暮色壓城,街麵青石泛著濕冷的光。蕭錦寧走出宮門時,風已帶涼意,鬥篷在肩頭微微鼓動。處理完軍餉賬冊的事宜後,她剛自東宮密室離開,腦中還盤旋著那疊軍餉賬冊上的鋸齒印泥——與斷龍穀廢驛所見如出一轍。
腳步未停,她沿著朱雀大街緩行,隨從落後半步,手中捧著尚未歸檔的兵部急報。
原該是市集收攤、炊煙升起的時辰,可整條長街竟無一處開灶。兩側鋪戶閉門釘板,門縫裡貼著黃紙符咒,簷下掛的辟邪銅鈴靜止不動。一名老婦蜷在藥鋪台階上,懷中抱著昏睡的孩童,嘴脣乾裂發黑。蕭錦寧駐足,伸手探其鼻息,熱得灼手。再翻腕診脈,寸關尺三部俱浮而數,肺脈尤躁。
“前日市集來了個流浪漢,倒地不起,滿口黑血。”老婦抬眼,聲音嘶啞,“第二日,巷子裡五戶發熱嘔血,郎中不敢來,大夫跑了。”
蕭錦寧收回手,指尖沾了汗漬,混著塵土黏膩。她望向街心,一輛空板車停在路中,車輪歪斜,旁側丟著半截草蓆,上麵殘留暗紅汙跡。這不像尋常疫病,傳速太快,症狀太烈。她轉身對隨從道:“取筆墨,寫告示:熱毒侵肺,忌生冷油膩,門窗常開,米湯續命。”
隨從應聲去辦。她解下外袍,鋪於街心空地,又從藥囊取出銀針、艾條,依五行方位布成簡易診療陣。藥囊入手微沉,她默啟識海,玲瓏墟薄田之上,幾味前世方中的清瘟草藥正泛著淡光——穿梭丹已起效,藥材補入。

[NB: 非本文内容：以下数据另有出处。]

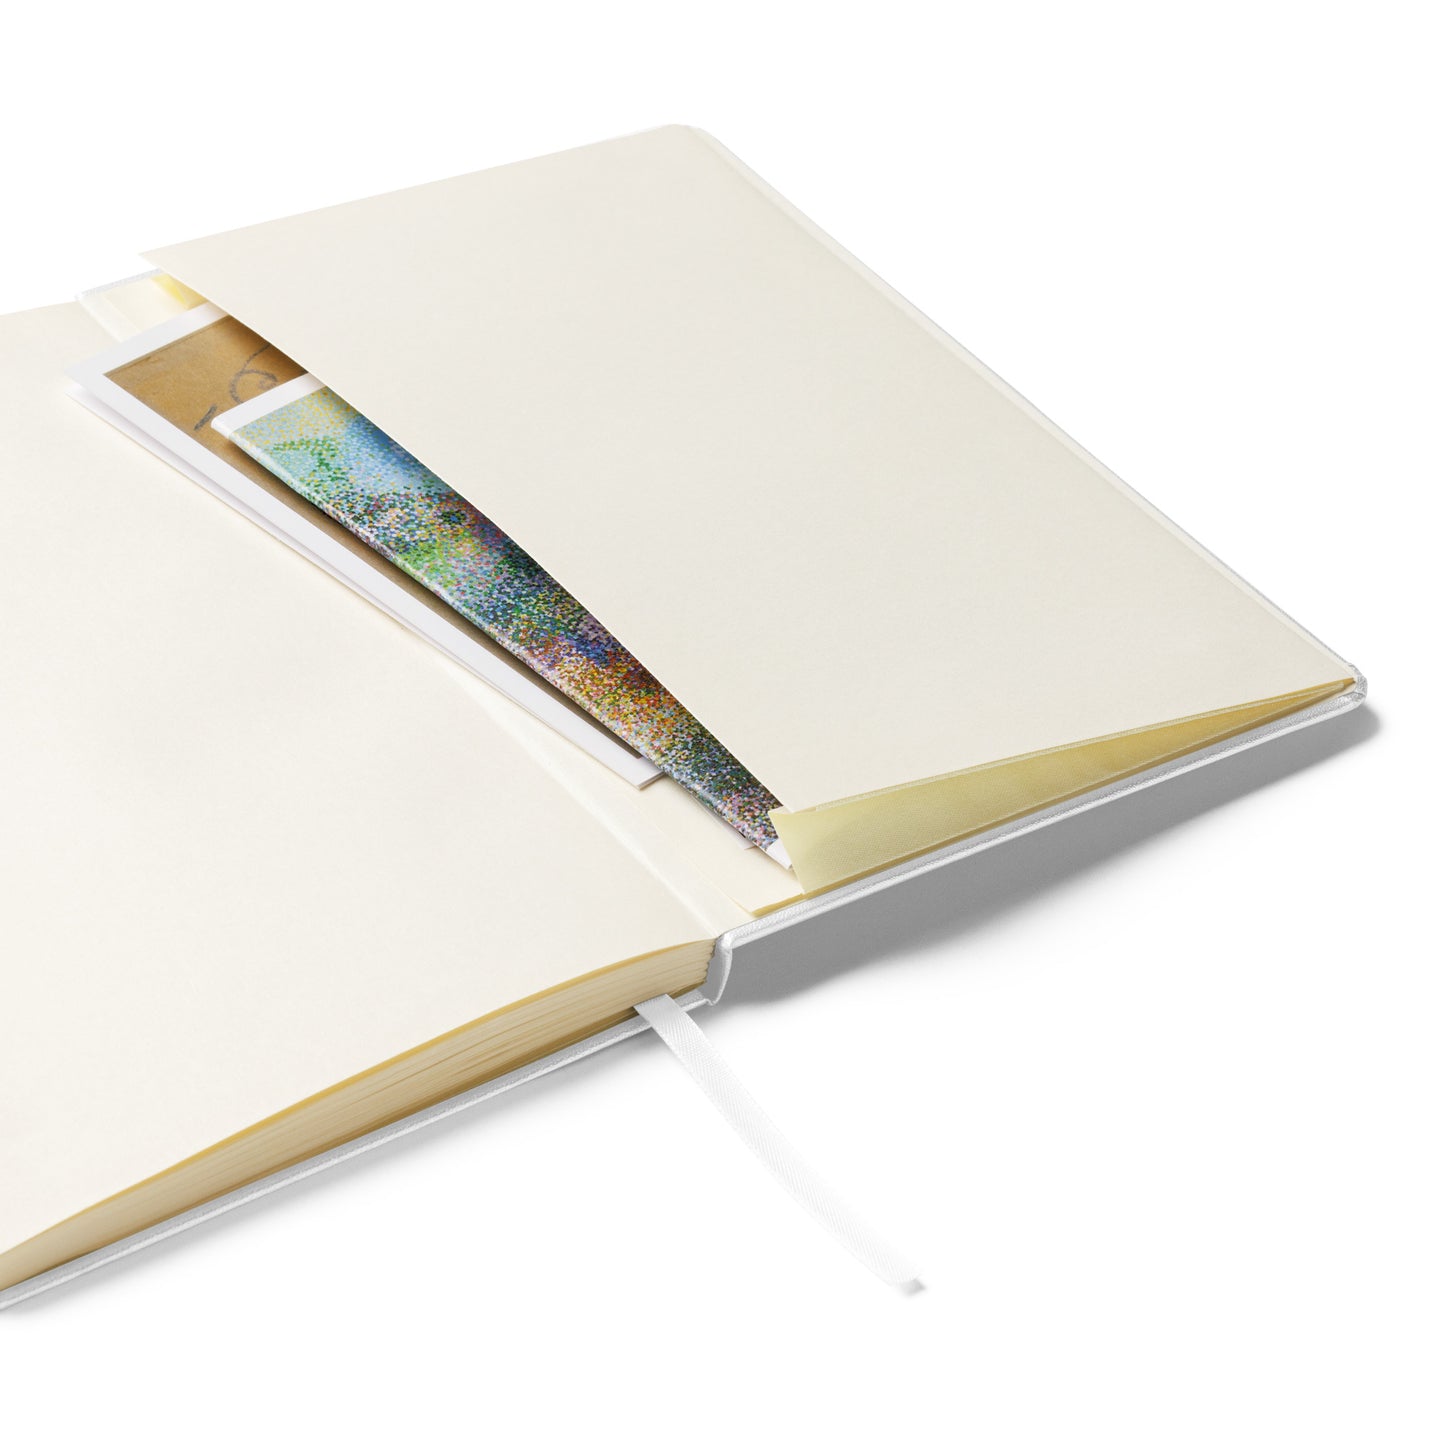 Peace, Love & Catnip - Hardcover bound notebook

她當眾劃破指尖,血滴入藥碗,混以靈泉水調和的清瘟散,凝成烏黑藥丸。仰頭吞下。
圍觀百姓屏息。片刻後,她呼吸平穩,麵色未變。“此疫可治。”她開口,聲音不高,卻清晰,“我已服藥,若三刻內不死,便是良方。”
人群騷動。一個漢子揹著妻子上前,跪地求救。蕭錦寧接過病人,診罷即施針,取曲池、合穀、列缺三穴,再喂服一粒藥丸。隨從將剩餘藥劑分裝陶碗,按序發放。有人仍遲疑,躲在門後窺視;也有人擠上前,爭搶藥碗。
夜深,醫棚四角點起油燈。她坐在矮凳上,麵前堆著用過的針具與空碗。一日問診百餘人,指節酸脹,腰背僵硬。她閉眼片刻,神識沉入玲瓏墟。空間內時間流速不同,她熬製藥膏至天明,補足次日所需,再悄然退出。睜眼時,東方微亮,臉上覆著一層灰白倦色,唯目光清明未減。
第三日清晨,痊癒的老者拄杖而來,身後跟著十餘康複百姓。他們跪在醫棚前,額頭觸地。“女醫再生父母!”老者泣聲道。孩童雙手奉上紙折的蓮花,放在藥案一角。有人送來米糧柴火,堆在棚外;還有人自發守夜,驅趕趁亂偷盜之徒。
黃昏再臨,她獨坐棚內,整理藥具。掌心忽然傳來細微裂感,如絲線繃開。她低頭,一道淺痕橫過肌膚,隱隱有光滲出——那是玲瓏墟開啟的征兆。